Need advice on how to Crawl/Parse websites (i'm thinking a need a perl guru)

Mrdzone

Senior member
Sep 29, 2002
322
0
0
OK here's what I need to do. I'm wondering if you guys can help me figure out the best way to do it. I have limited experience in perl and python, and good experience in C++. I feel comfortable learning languages quickly though.

I need to access a particular URL which is in the form of www.domian.com/query?page=i. Follow every link on the page with the format "www.domain.com/directory/page" where domain and directory are constant but page is different every time.

Once I get the new page I need to extract a particular table and place the information in the tr and th tags into an excel (or csv) file.

Once I finish this I need to increment i and retrieve a new page and start the whole process over again.

I'm thinking the best way to do this is in perl as parsing the files shouldn't be too hard, but if I go this route can someone reccomend to me a way to retreive/spider the pages?

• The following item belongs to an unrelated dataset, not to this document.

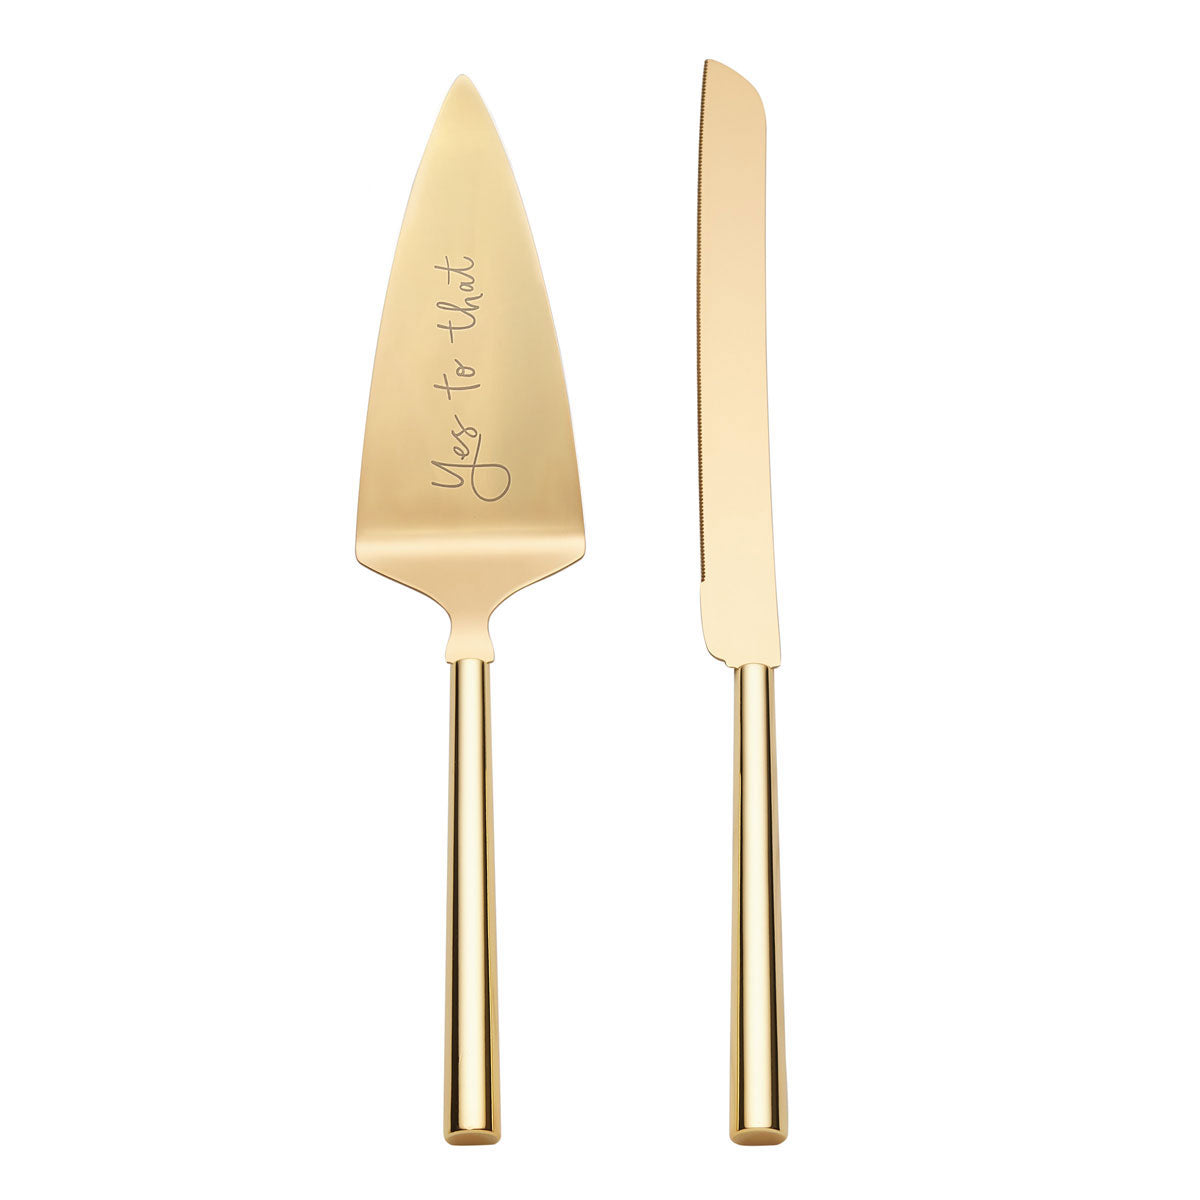 Gold Hammered Handle Knife & Server Set - Gem Awards

If there is an easier way to do this then perl I'm definitly open to ideas as I'm largely going to have to relearn most of the perl syntax anyway.

Merry Christmas

-Bob
 
Oct 27, 2007
17,009
5
0
I did something similar in Java and it was fairly straight-forward. It was one of the first things I programmed in Java. Use a Set to maintain the list of pages so you don't get duplicated. The crawler just needs to iterate through every line of the HTML page looking for ahref= (I stripped spaces out of mine to make this easier / more reliable). Grab the substring between the quotes and do the same thing to the page you grab.

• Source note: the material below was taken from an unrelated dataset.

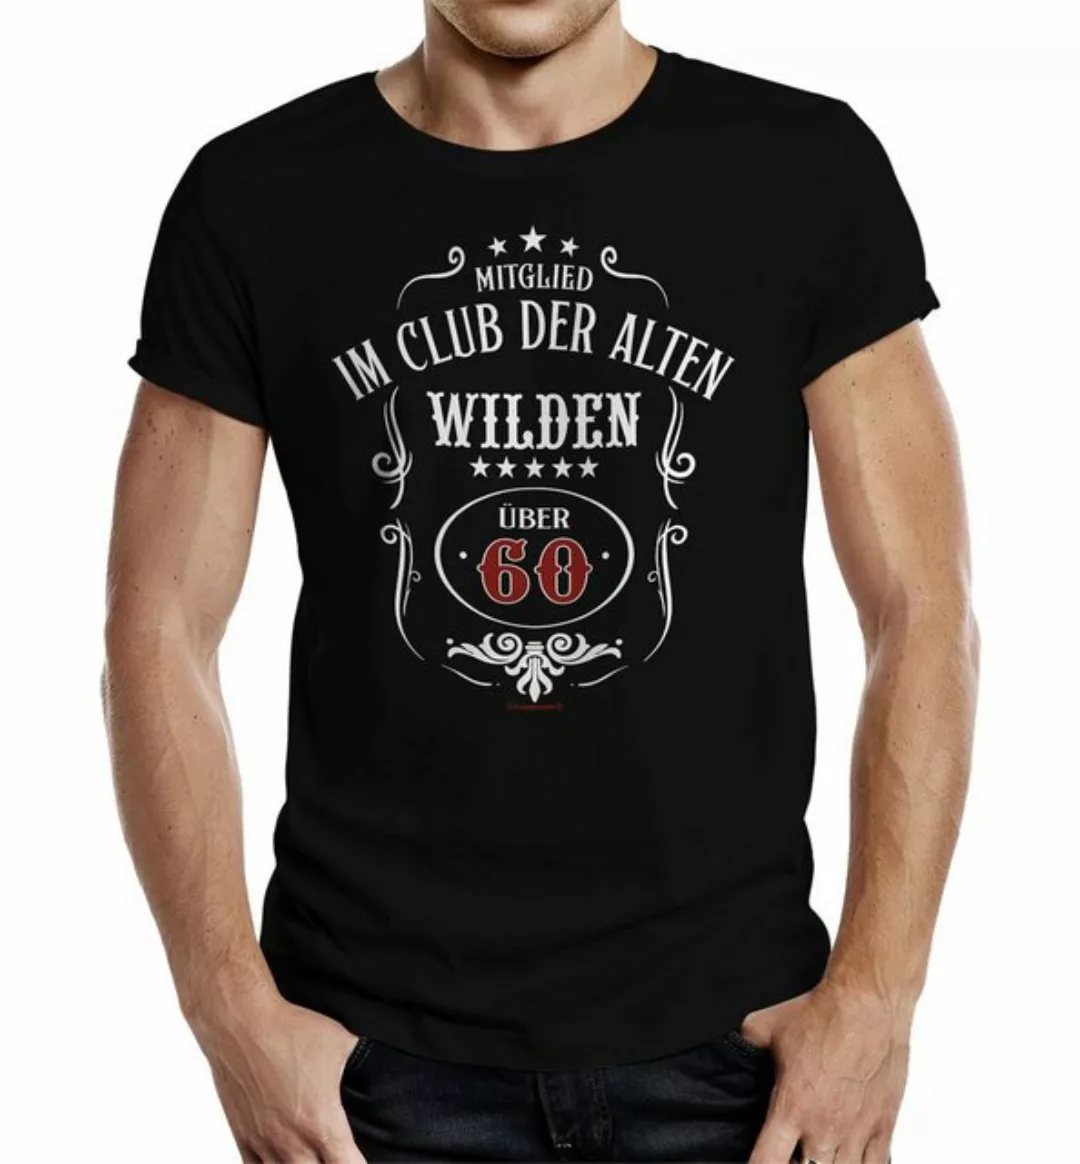 RAHMENLOS® T-Shirt als Geschenk zum 60. - Club der Alten Wilden über 60 günstig online kaufen

As for doing the table stuff, I haven't done this before but I can't imagine it would be difficult as long as the tables are well-formed HTML.

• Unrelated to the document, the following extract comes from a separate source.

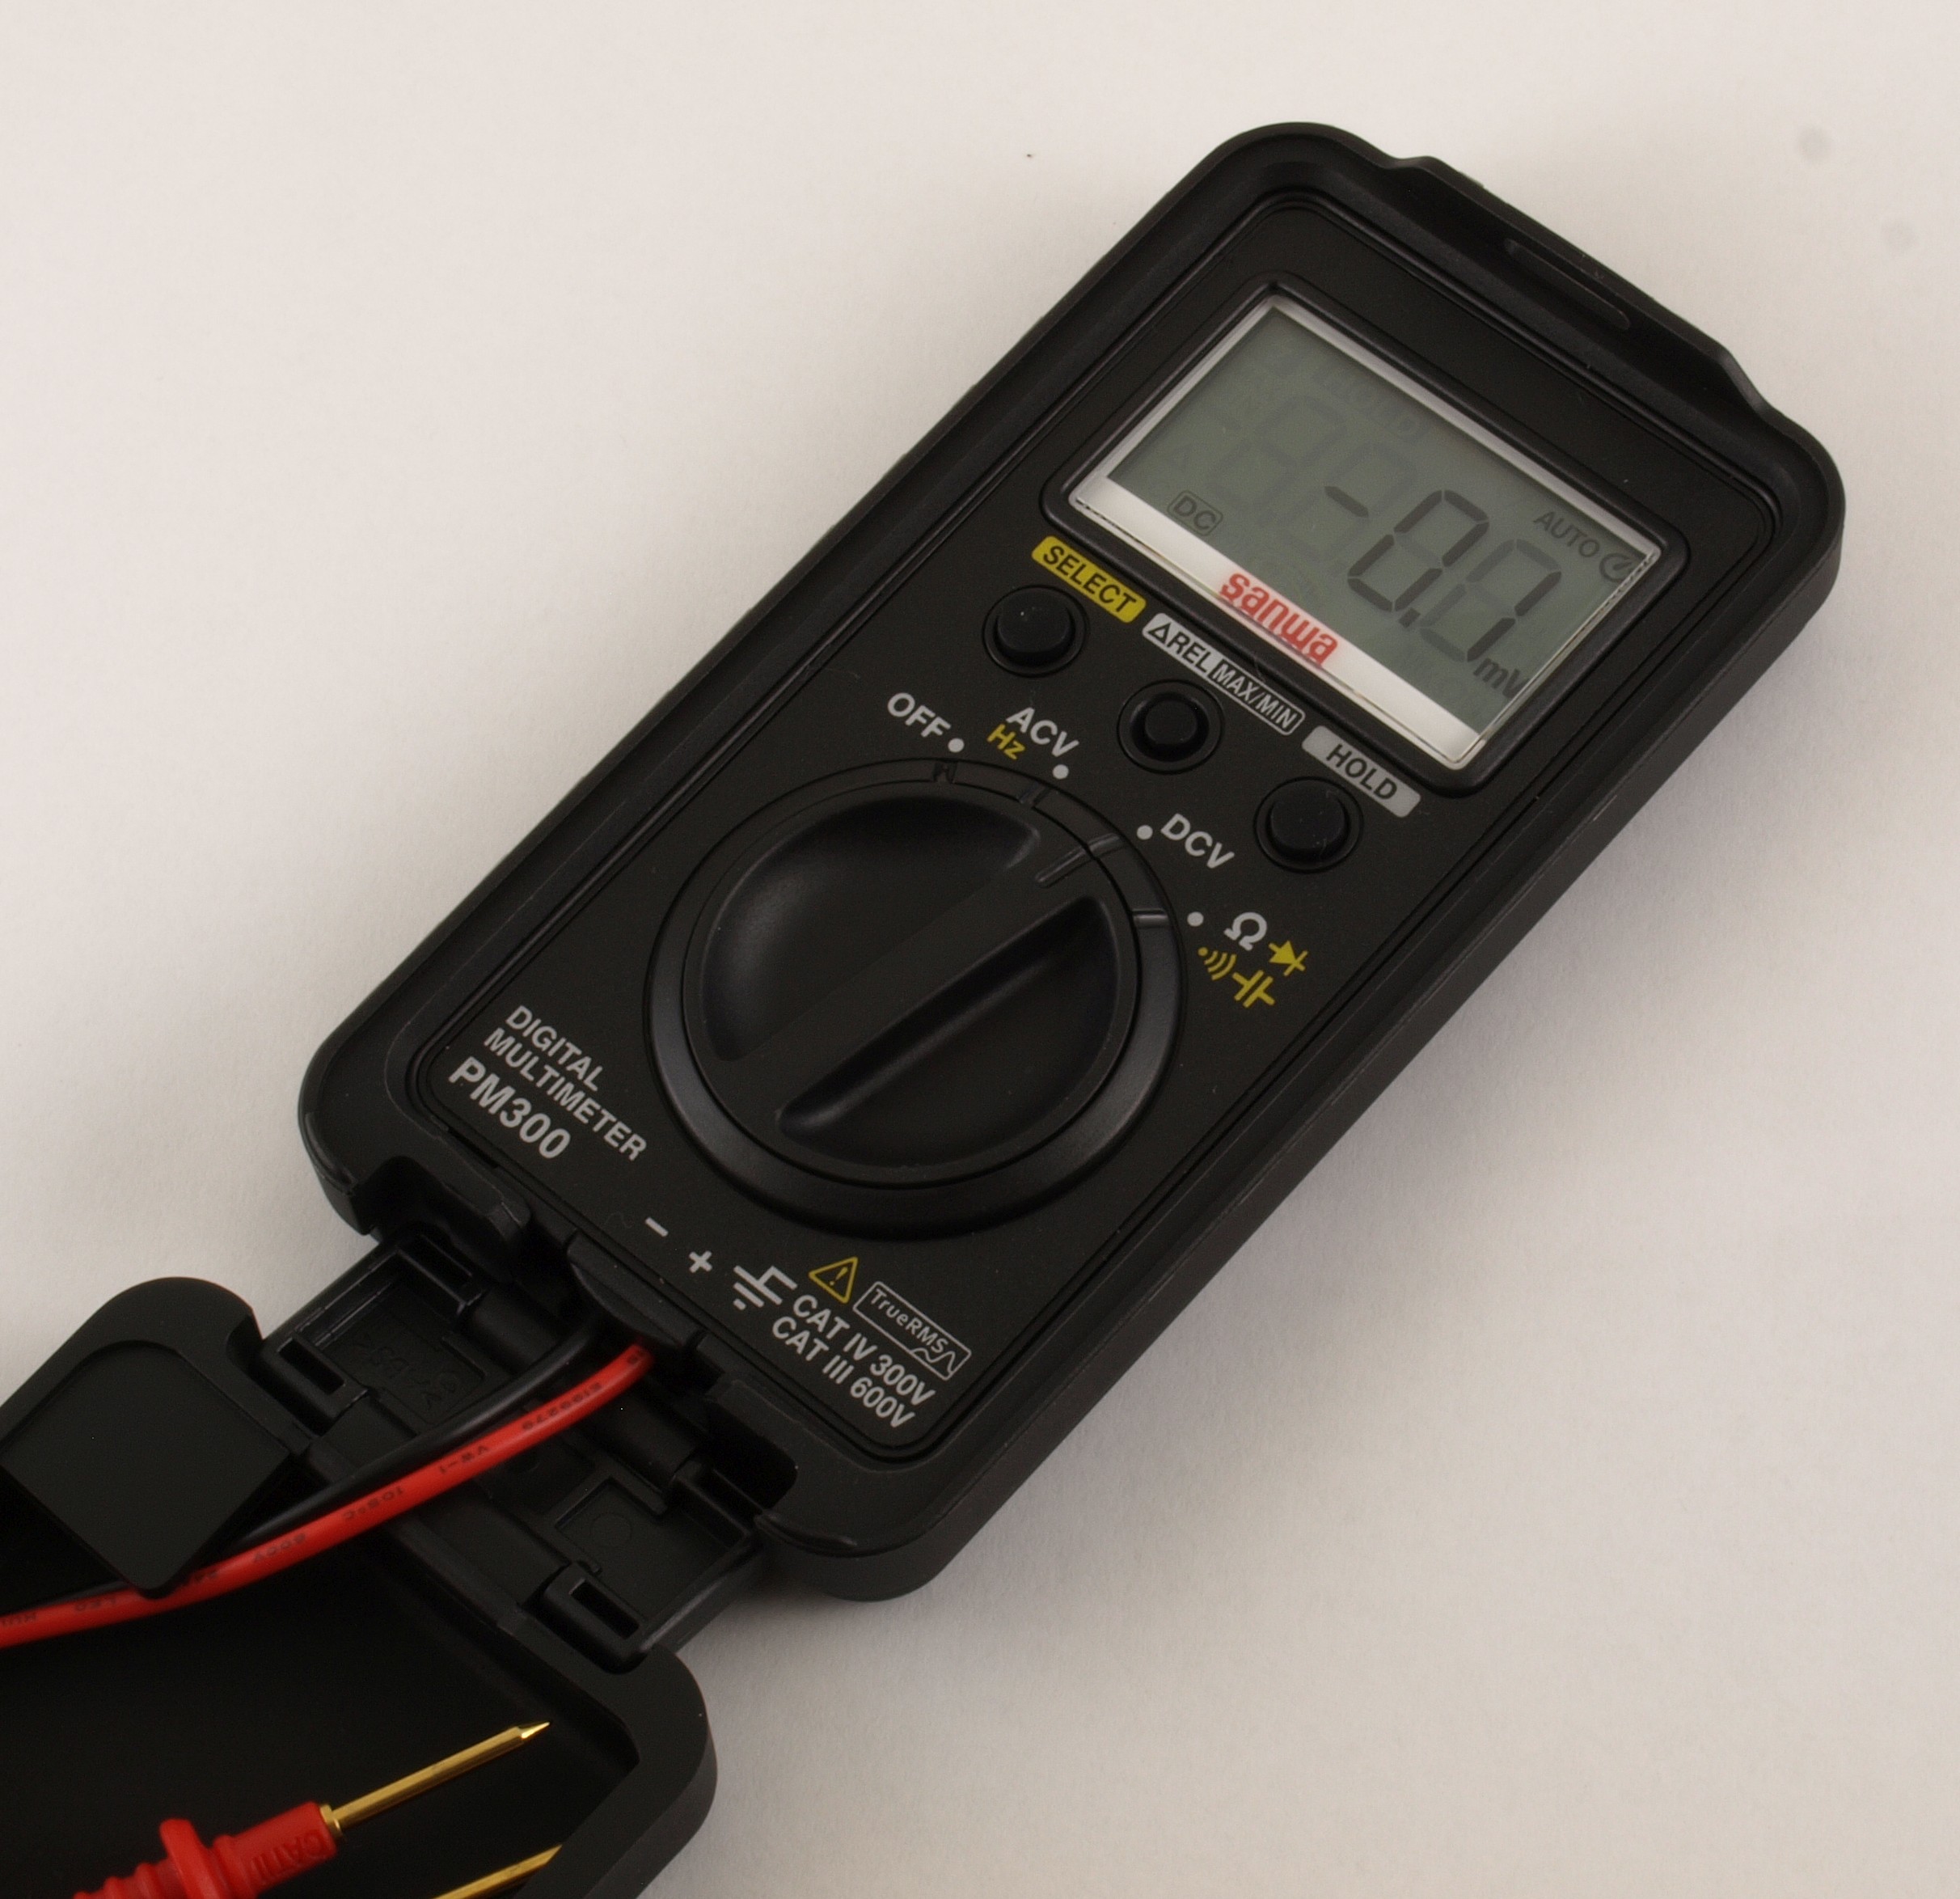 Sanwa PM300  Pocket Multimeter  EEVblog

Having said that, I have absolutely no experience in Perl or Python so it could be the case that this is much easier in those languages. But post back if you want to view some code snippets from my crawler, or you can download the source at http://martindoms.com/crawler.html

Edit - I should note that the code in that program is pretty horrible, I rushed it out and I was a total noob so don't judge me :)
 

Ken g6

Programming Moderator, Elite Member
Moderator
Dec 11, 1999
16,831
4,814
75
Wget will get pages recursively for you. If I read that and the manual right...

wget -r -l1 -I/directory http://www.domain.com/query?page=i

That saves each page as a file. If every "page" is unique, you can do "-nd -P." and save them in the local directory.

Next, are you looking for one Excel file per "page", or per "i"? "-O-" might allow doing it all in pipes if you want one file per "i"; but I haven't looked into that.